DE is conventionally represented by DE/a/b/c, in which DE is for differential evolution, a denotes the vector to be perturbed, b stands for the number of differential for the perturbation of a, and c stands for the type of crossover to be used such as bin: binomial, exp: exponential. The evolutionary process of this algorithm comprises mutation, crossover and selection. This algorithm has eight types of mutation operators presented from Eqs. 1219, which have individual traits (Liu et al., 2020). The three mutation operators which are selected in this MODE are “DE/rand/1”, “DE/best/1” and “DE/current-to-pbest/1” shown in Eqs. 12, 13, and 19, respectively. “DE/rand/1” is recognized to have the best exploration property (Zhao et al., 2016) whereas, “DE/best/1” has the best exploitation property (Wisittipanich & Kachitvichyanukul, 2012). The balance between these two characteristics in the evolutionary process is ensured by “DE/current-to-pbest/1” (Liu et al., 2020). These three mutation operators are combined in DE and known as MODE in this study.

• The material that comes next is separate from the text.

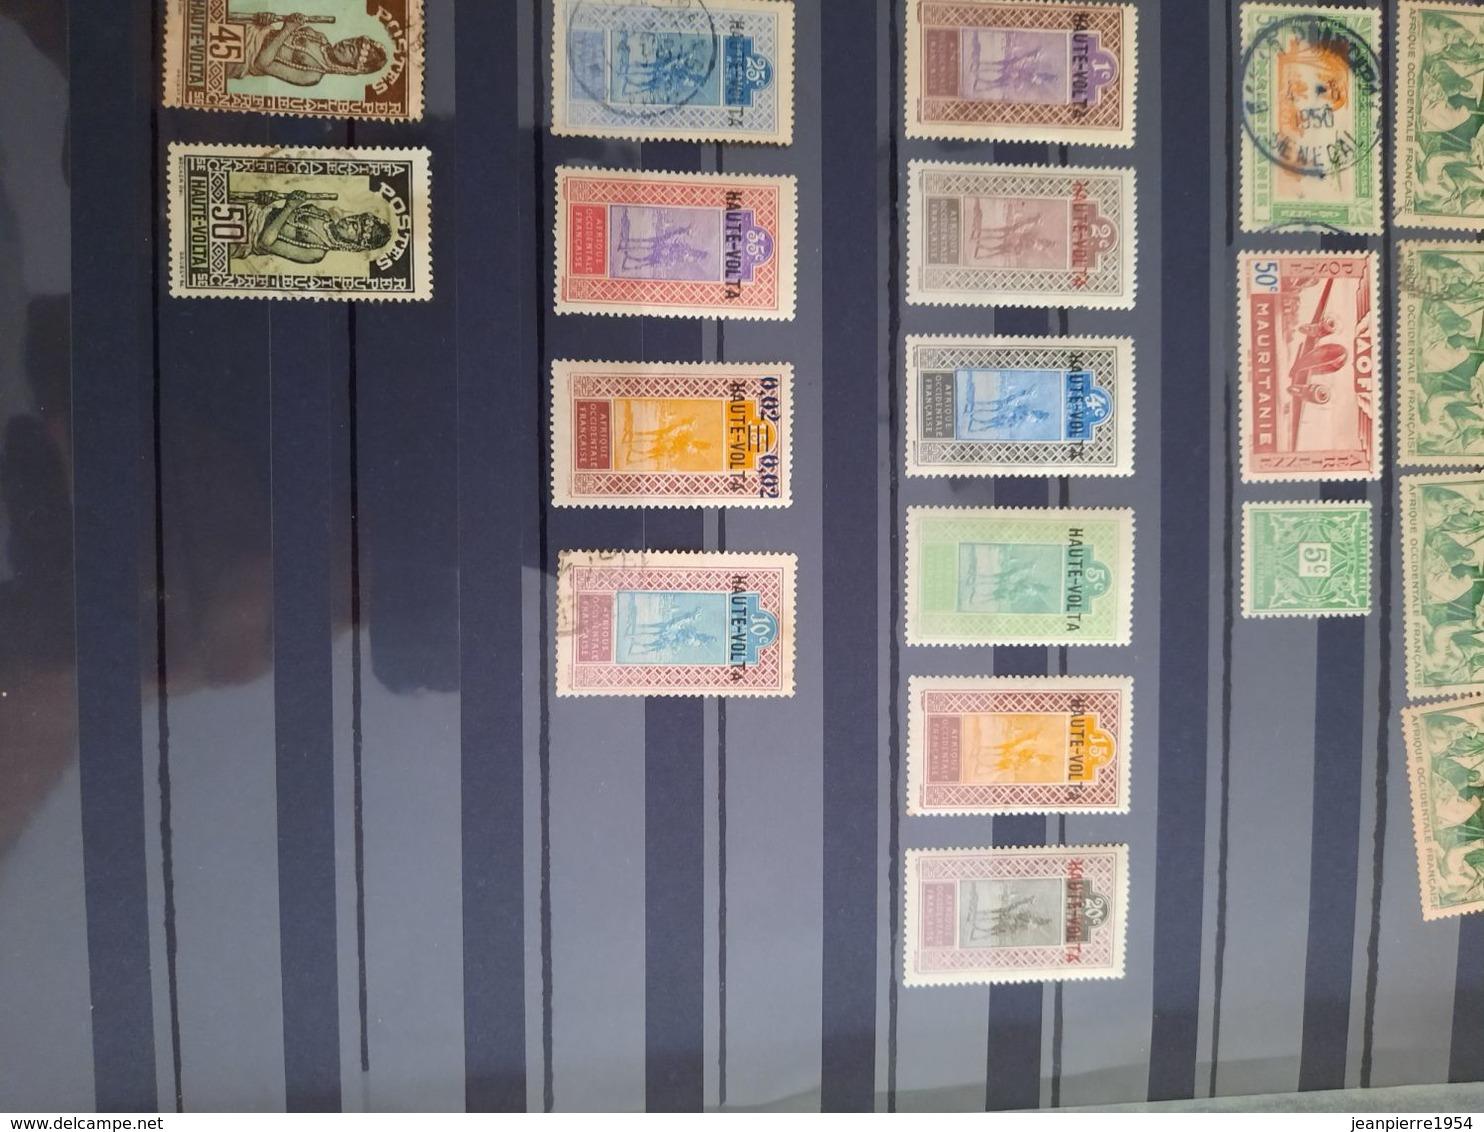 Colonie Française Oblitere Et Neuf Et Avec Trace De Charniere - Stamps

$$\begin{aligned} \text {DE/rand/1:} \mathbf {M}_{l}^G= & {} \mathbf {x}_{r_{1}}^G+F\times (\mathbf {x}_{r_{2}}^G-\mathbf {x}_{r_{3}}^G) \end{aligned}$$
(12)
$$\begin{aligned} \text {DE/best/1:} \quad \mathbf {M}_{l}^G= & {} \mathbf {x}_{best}^G+F(\mathbf {x}_{r_{1}}^G-\mathbf {x}_{r_{2}}^G) \end{aligned}$$
(13)
$$\begin{aligned} \text {DE/current/1:}\quad \mathbf {M}_{l}^G= & {} \mathbf {x}_{l}^G+F(\mathbf {x}_{r_{1}}^G-\mathbf {x}_{r_{2}}^G) \end{aligned}$$
(14)
$$\begin{aligned} \text {DE/current-to-best/1:}\quad \mathbf {M}_{l}^G= & {} \mathbf {x}_{l}^G+F(\mathbf {x}_{best}^G-\mathbf {x}_{l}^G)\nonumber \\&+F(\mathbf {x}_{r_{1}}^G-\mathbf {x}_{r_{2}}^G) \end{aligned}$$
(15)
$$\begin{aligned} \text {DE/rand/2:}\quad \mathbf {M}_{l}^G= & {} \mathbf {x}_{r_{1}}^G+F(\mathbf {x}_{r_{2}}^G-\mathbf {x}_{r_{3}}^G)\nonumber \\&+F(\mathbf {x}_{r_{4}}^G-\mathbf {x}_{r_{5}}^G) \end{aligned}$$
(16)
$$\begin{aligned} \text {DE/best/2:}\quad \mathbf {M}_{l}^G= & {} \mathbf {x}_{best}^G+F(\mathbf {x}_{r_{1}}^G-\mathbf {x}_{r_{2}}^G)\nonumber \\&+F(\mathbf {x}_{r_{3}}^G-\mathbf {x}_{r_{4}}^G) \end{aligned}$$
(17)
$$\begin{aligned} \text {DE/current-to-rand/1:}\quad \mathbf {M}_{l}^G= & {} \mathbf {x}_{l}^G+F(\mathbf {x}_{r_{1}}^G-\mathbf {x}_{l}^G)\nonumber \\&+F(\mathbf {x}_{r_{2}}^G-\mathbf {x}_{r_{3}}^G) \end{aligned}$$
(18)
$$\begin{aligned} \text {DE/current-to-pbest/1:}\quad \mathbf {M}_{l}^G= & {} \mathbf {x}_{l}^G+F(\mathbf {x}^{G}_{best,p}-\mathbf {x}_{l}^G)\nonumber \\&+F(\mathbf {x}_{r_{1}}^G-\tilde{\mathbf {x}}_{r_{2}}^G) \end{aligned}$$
(19)

It is noted that in Eq. 12, \(\mathbf {x}_{r_{1}}\ne \mathbf {x}_{r_{2}}\ne \mathbf {x}_{r_{3}}\) are randomly selected from the current population and these operators are also different from the target vector \(\mathbf {x}_{l}^G\). \(\mathbf {x}^{G}_{best,p}\) in Eq. 13 is chosen from the top \(15\%\) of individuals belonged to the current population and \({\tilde{\mathbf {x}}}_{r_{2}}^G\) in Eq. 19 is taken from the union of current population and archive of pbest. F is scale factor, which leads to convergence speed and the population diversity (Sallam et al., 2020). Moreover, the trial vector \(\mathbf {T}_{l}^G\) is obtained by recombining a mutant vector \(\mathbf {M}_{l}^G\) and a target vector \(\mathbf {x}_{l}^G\), as shown in Eq. 4. The produced trial vector is evaluated and compared with the target vector based on the fitness value. The trial vector is assigned to the target vector if the fitness value is lower in the trial vector for the minimization problem, as depicted in Eq. 6.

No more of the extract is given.